Describe the problem you would like to solve
As of now (3.5.0.3) OJS saves a hash of the user I.P. in the logfiles. Strictly seen, this amounts to pseudonymisation - since a hash can in principle be resolved - and we still work with personal data. To comply with GDPR we therefore need to either argue, that we pursue a legitimate interest with this, or get user consent (https://gdpr-info.eu/art-6-gdpr/). For legimtimate interest we would need to make sure that
The personal data should be adequate, relevant and limited to what is necessary for the purposes for which they are processed. 8This requires, in particular, ensuring that the period for which the personal data are stored is limited to a strict minimum. 9Personal data should be processed only if the purpose of the processing could not reasonably be fulfilled by other means.
I see a problem here as, we can fulfilled the same purpose if we would truly anonymize the I.P. - and then in effect would no longer have personal data which fall under GDPR regulations.
Describe the solution you’d like
As far as I can see, a solution could be to remove the last two octets from the user I.P before hashing to get anonymous data.
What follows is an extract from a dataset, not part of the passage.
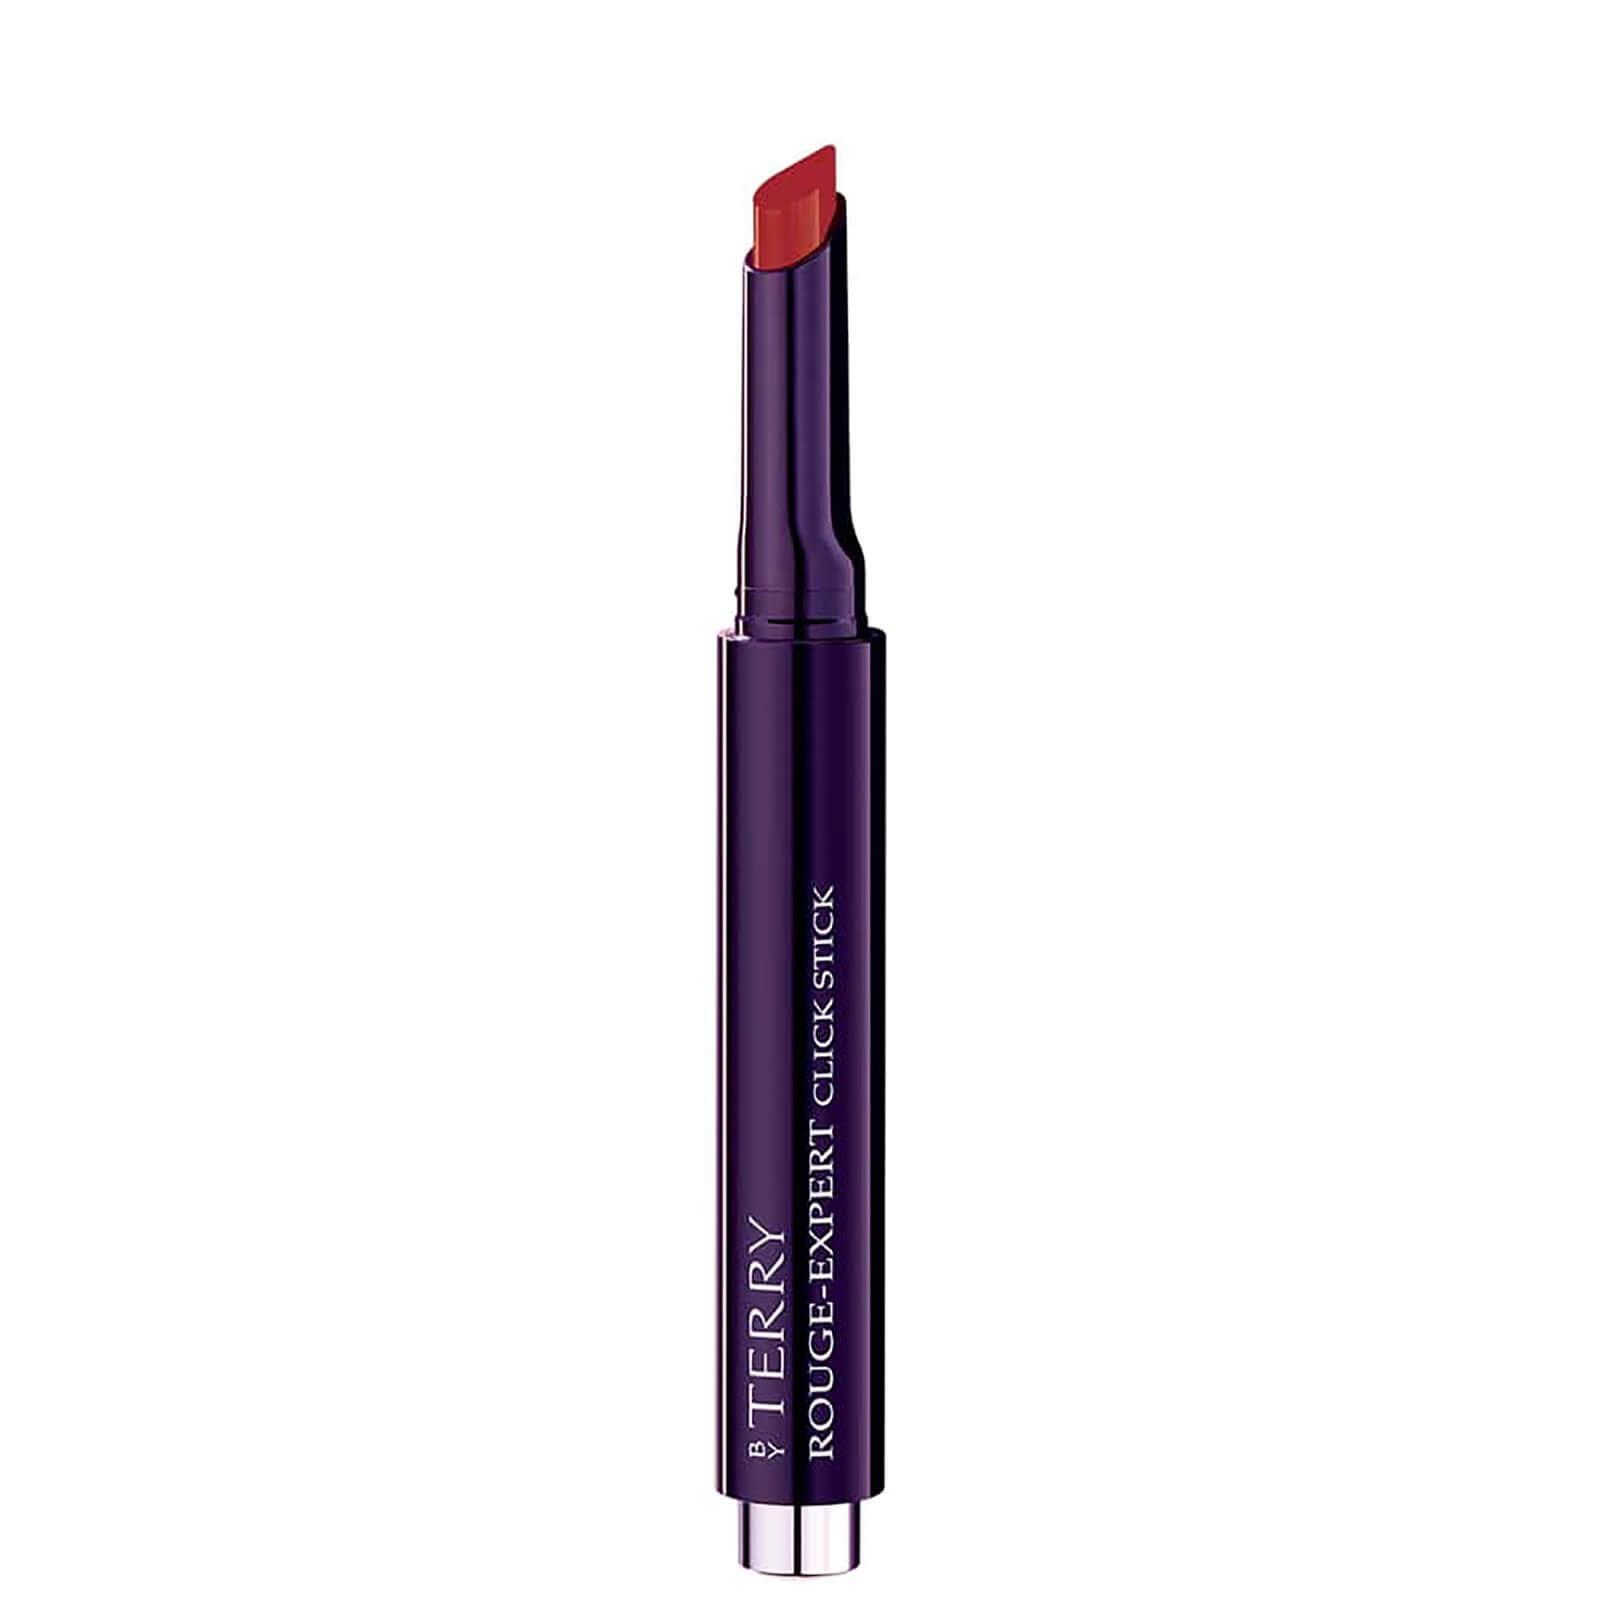 Купить Губная помада By Terry Rouge-Expert Click Stick Lipstick 1, 5 г (различные оттенки) - Palace Wine

The solution you propose – to remove the last two octets from the IP – would not allow us to calculate the unique usage (according to the COUNTER) or remove the double clicks – when one and the same URL is accessed by one and the same user, that is identified by the IP and user agent. We need the whole IP to identify one and the same user.
(We changed our sessions, so maybe we could work with the session IDs instead, but I would need to double check/think about it further.)
The solution we took was elaborated back then in the project OA Statistics. We hash the IP address using a salt, and the salt changes daily – we do not keep the old salts. That means that on the next day the IP addresses from the previous days cannot be resolved/recalculated back. This one day is the minimum we need to store such a hashed or pseudonymized IP address, where also the salt exist in parallel. Then, after that one day, the IP is actually anonymized, because it cannot be reverted any more, no? (Maybe the only thing the server admins should take care is not to archive the salt for a long time and for every day.)
Thus, would you still see it as problematic regarding GDPR?
thanks for your reply: I think that there is a legitimate interest in collecting personal data for the service to work effectively (i.e. fullfilling Counter requirements), and I also would argue that with changing the salt every day we prevent an easy way to restore the I.P. (i..e. by using rainbow tables). So I think that we are abiding to the regulations. In the end it amounts to the question of reasonable measure and possible risk.
However, If it would be possible to process truly anonymized data, we would not need to inform users about this. So this would make the privacy statement a bit shorter
We also use Matomo for statistics, and they create a hash based on the truncated i.p. and some other user data (i.e. operating system, browser, browser plugins, browser language, see Does Matomo use a fingerprint? FAQ - General - Matomo Analytics Platform). Maybe this could also be a way to solve the issue?
Or maybe allowing admins to decide for themselves? I.e. we do not use Counter, and also have no need for geo-location. So I guess we could do without the last octests to get a sufficient estimate of visits.